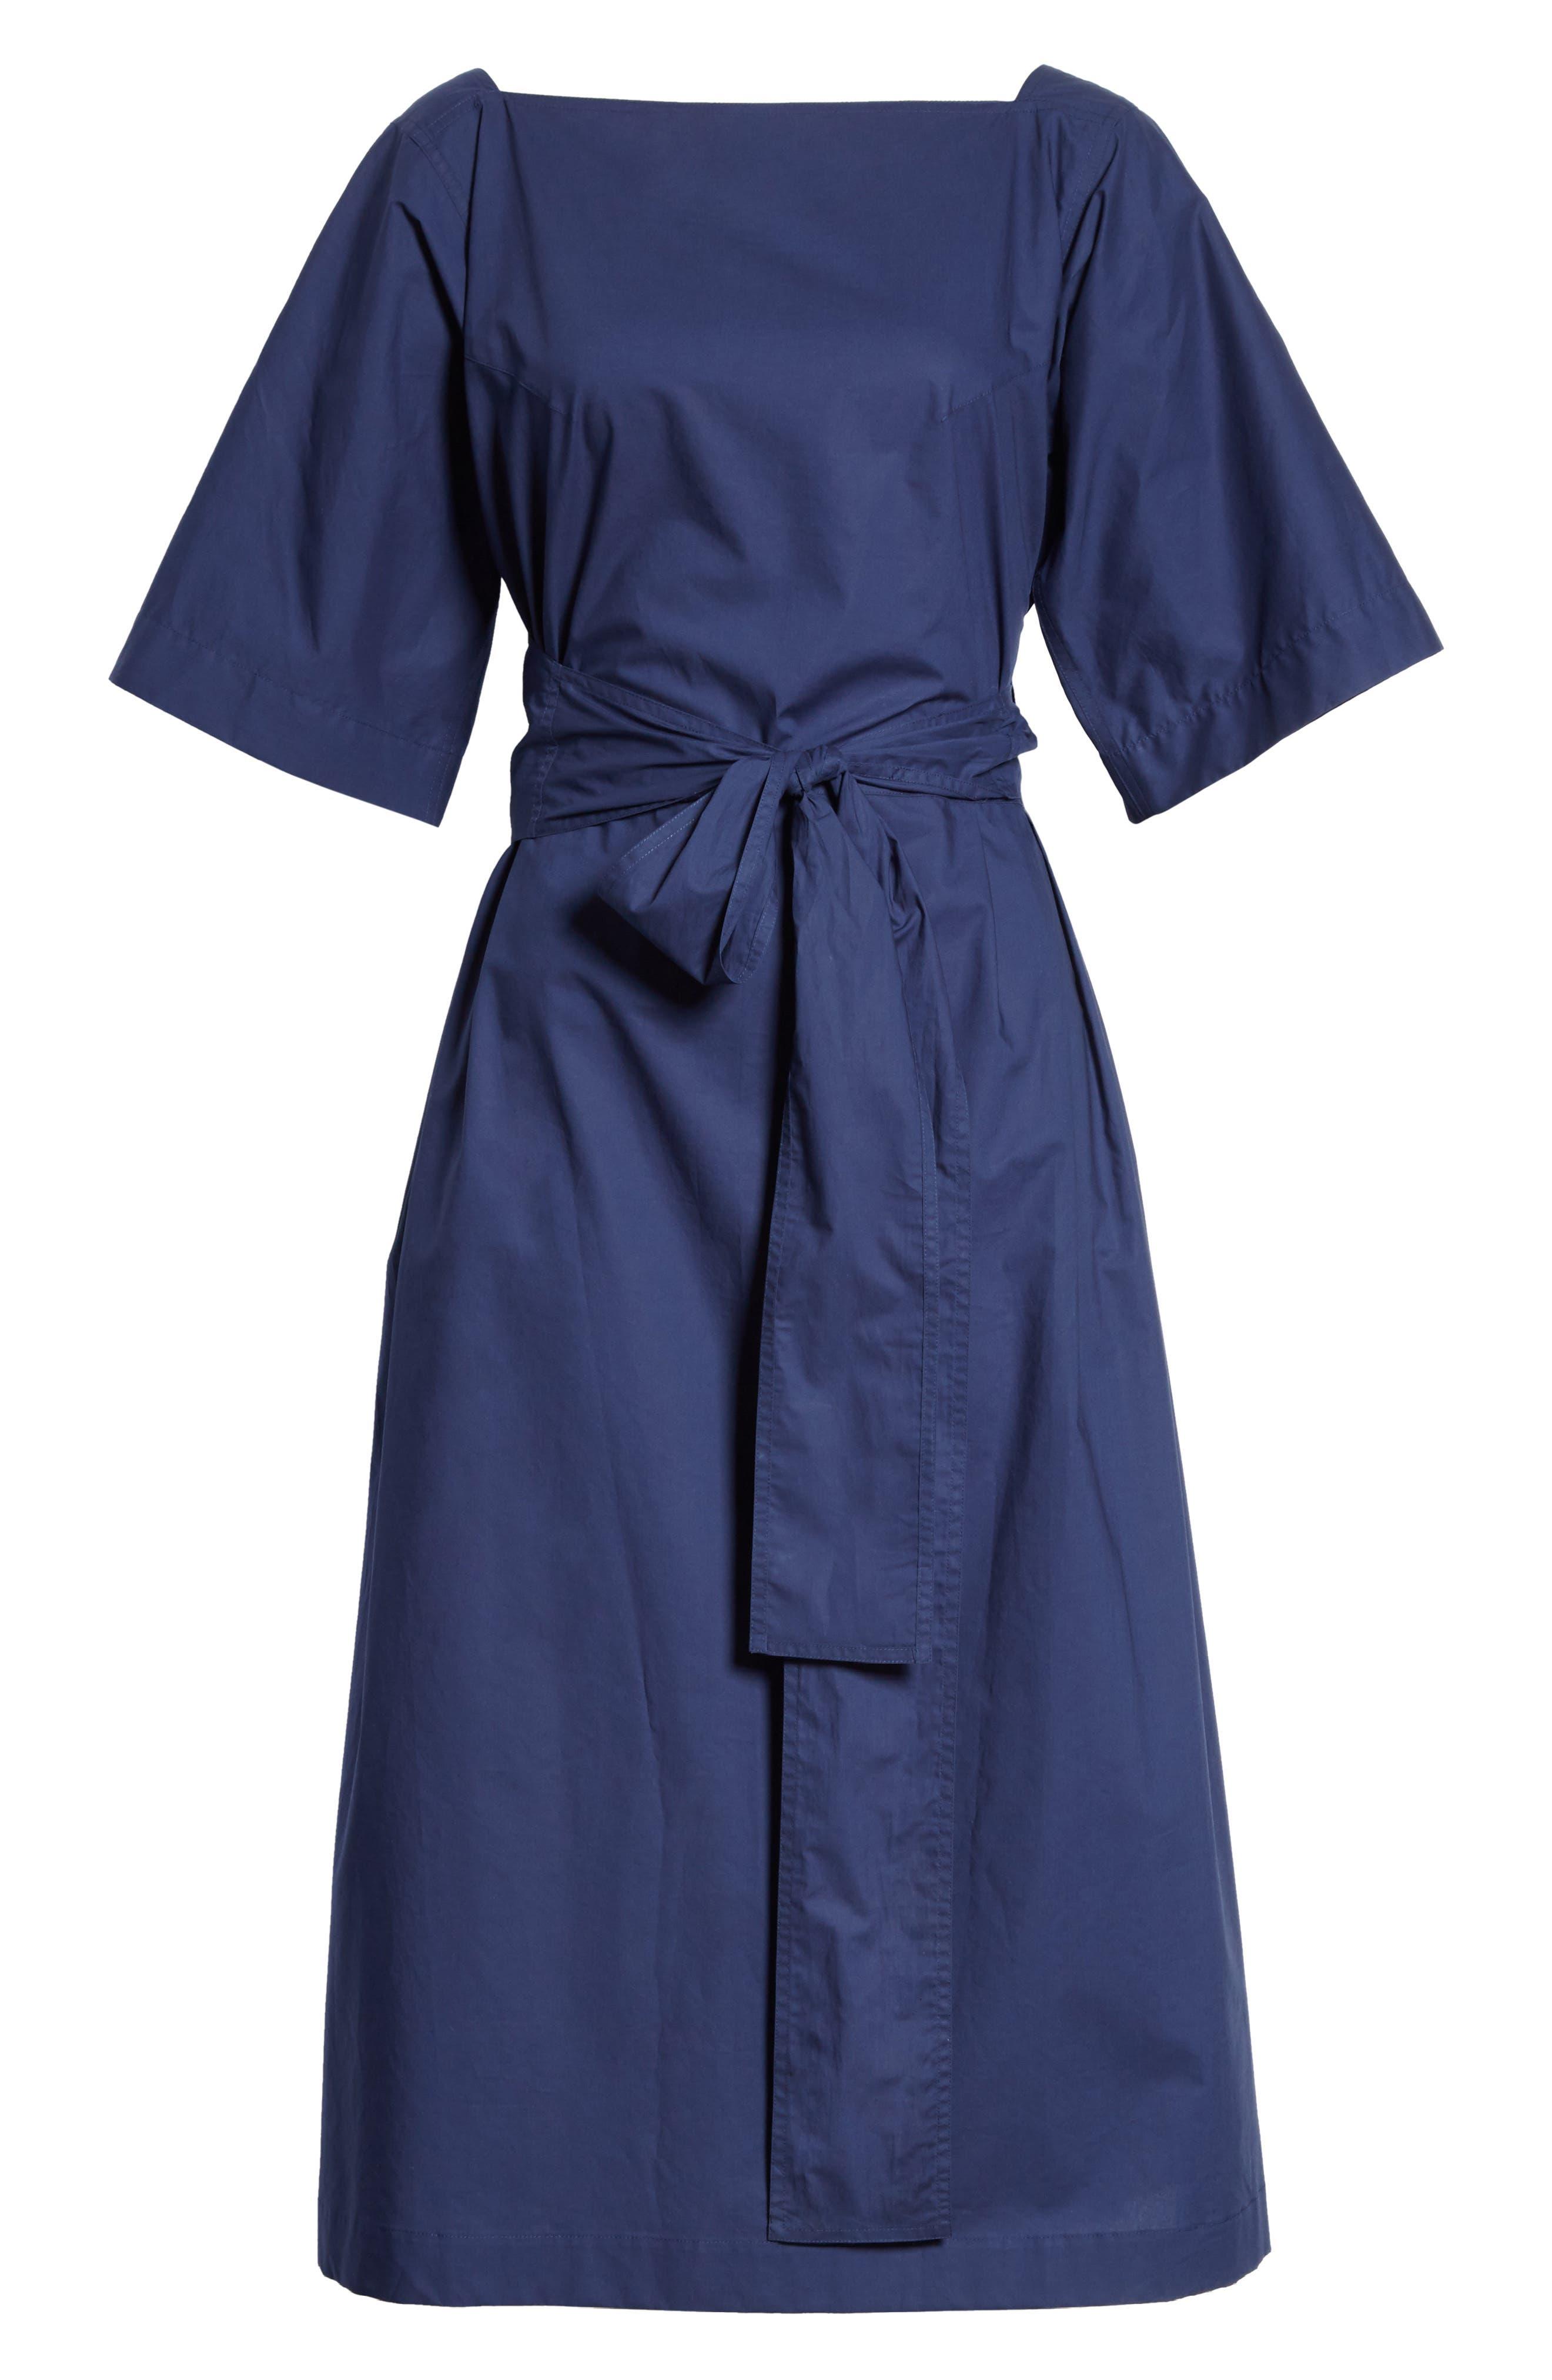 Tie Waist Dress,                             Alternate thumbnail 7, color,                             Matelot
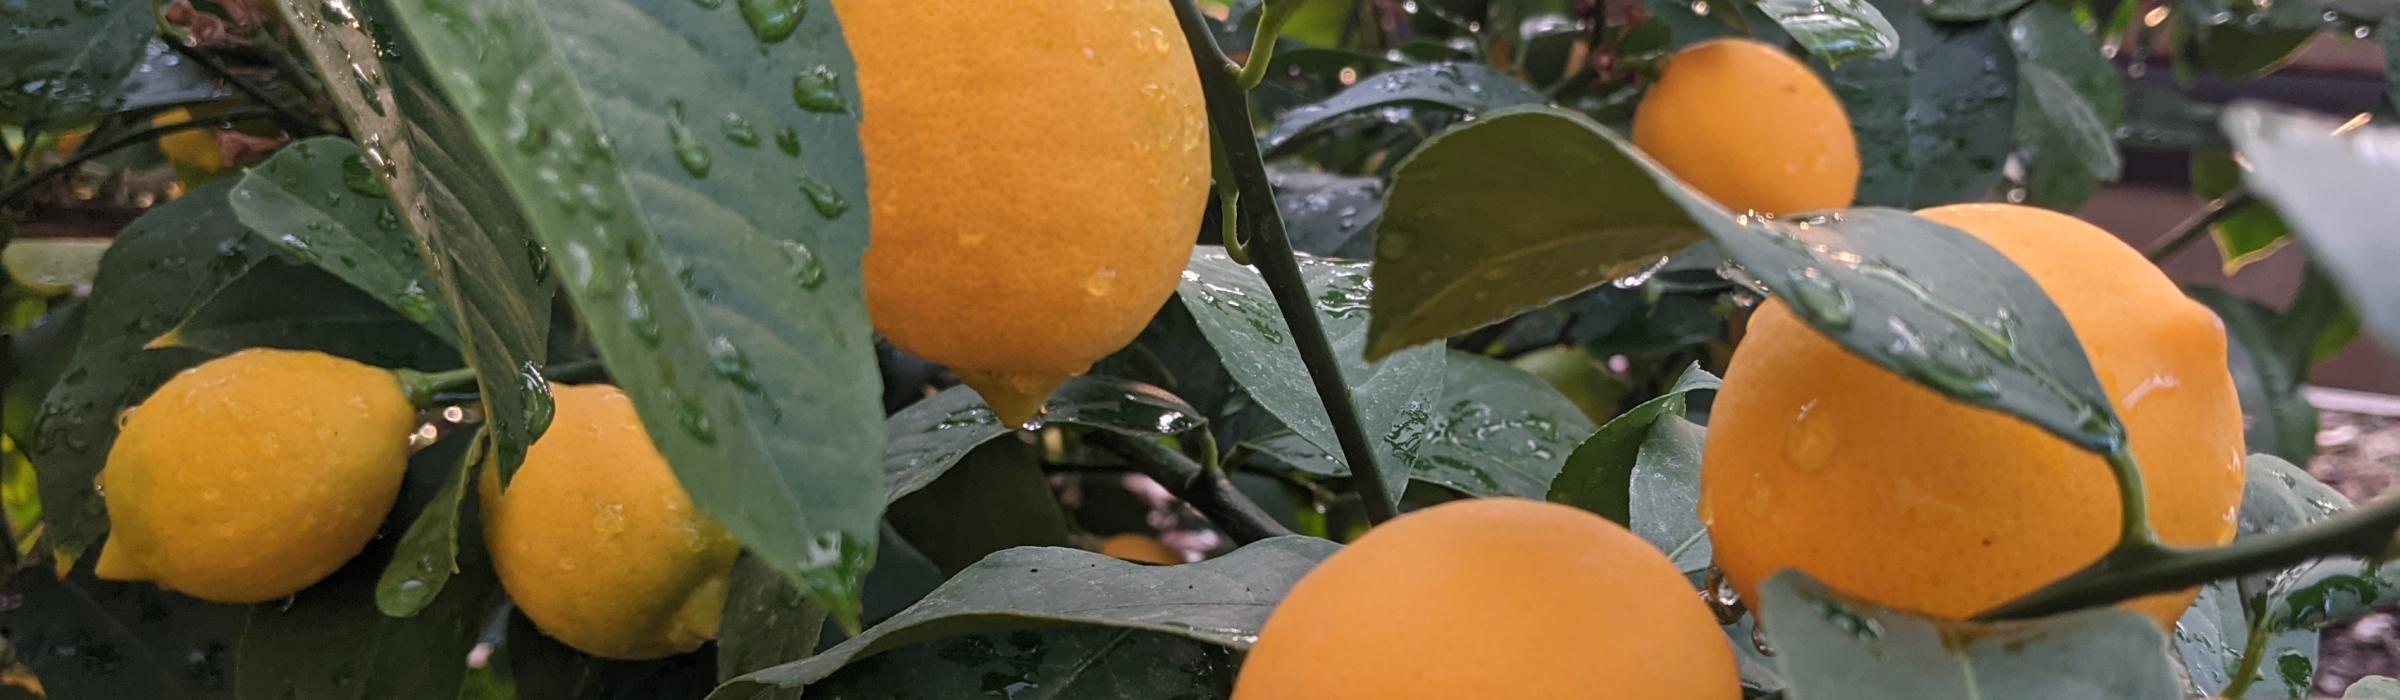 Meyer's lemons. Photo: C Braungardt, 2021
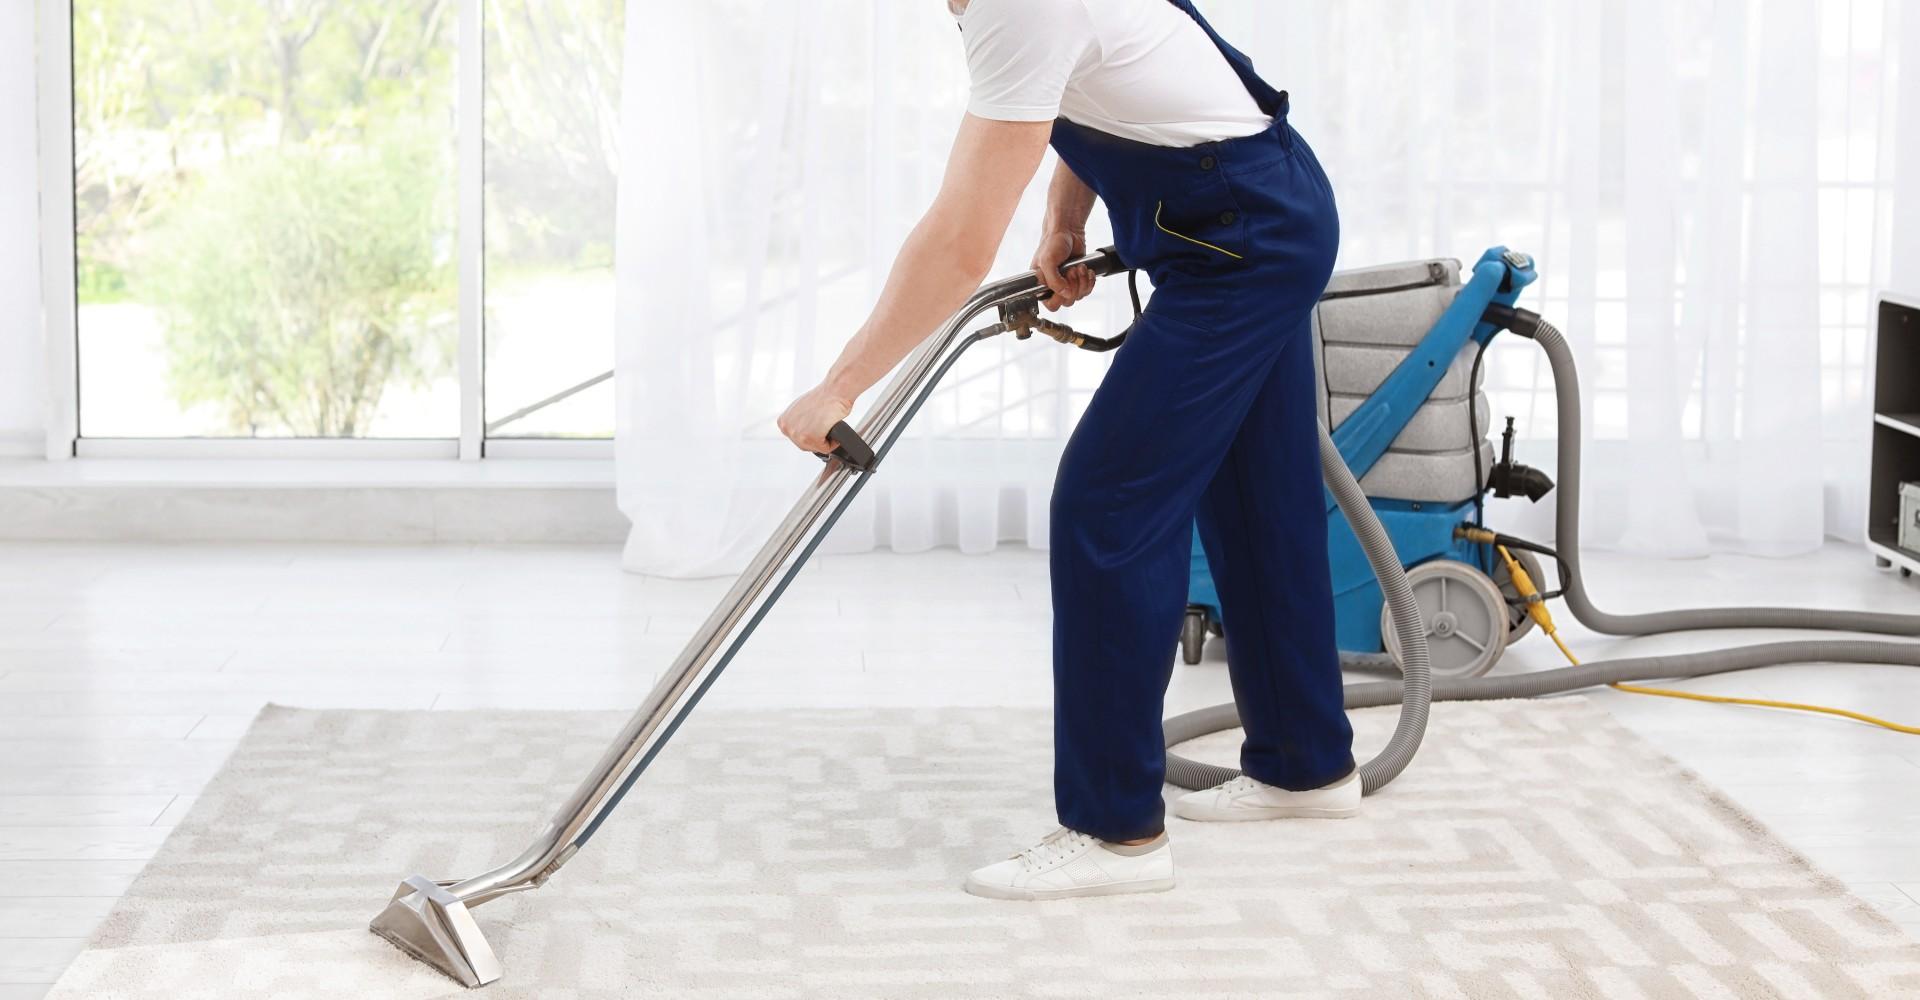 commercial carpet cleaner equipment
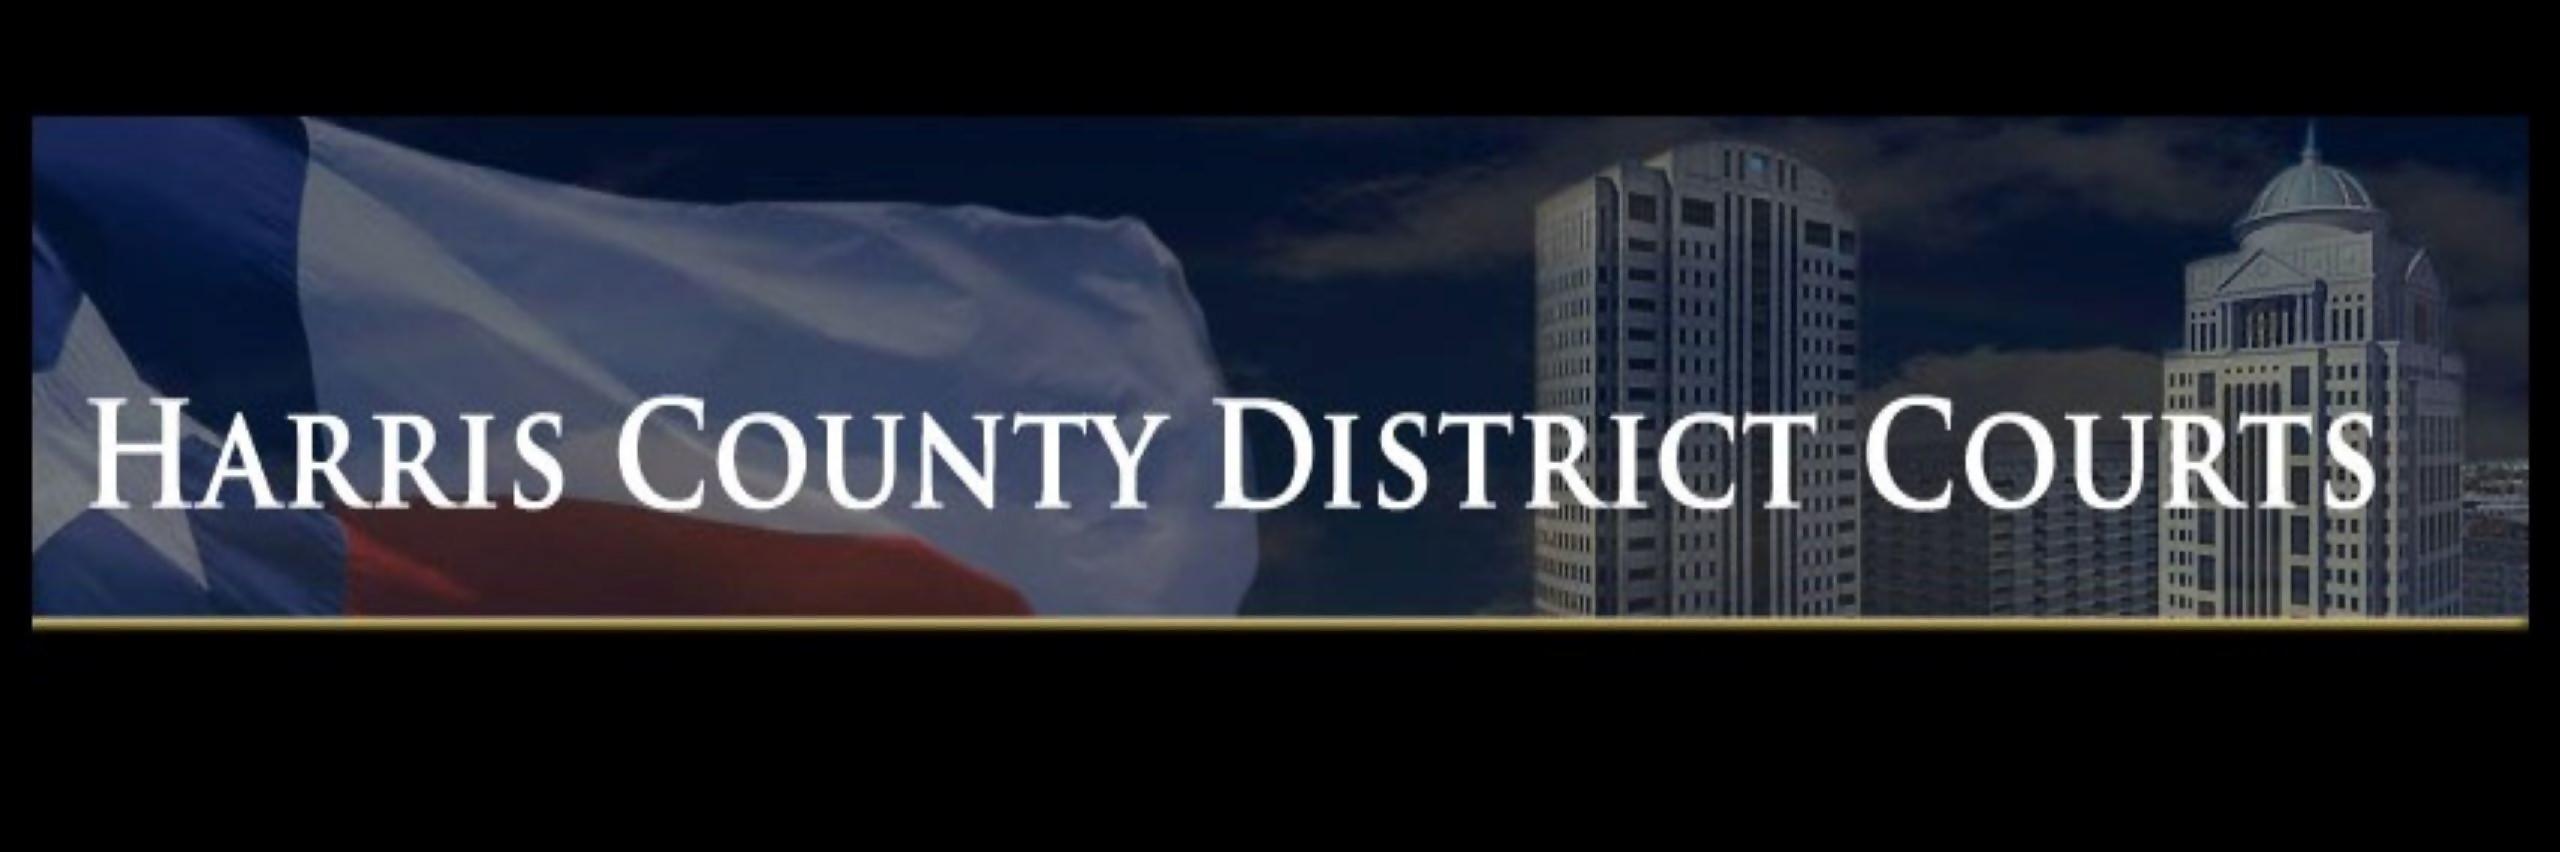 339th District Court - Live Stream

################

* Exercise details: Begin at the line with "commercial carpet cleaner equipment" and end at the last line of the data above. Reproduce those lines exactly, but not the pictures.

* Response:
 commercial carpet cleaner equipment
 339th District Court - Live Stream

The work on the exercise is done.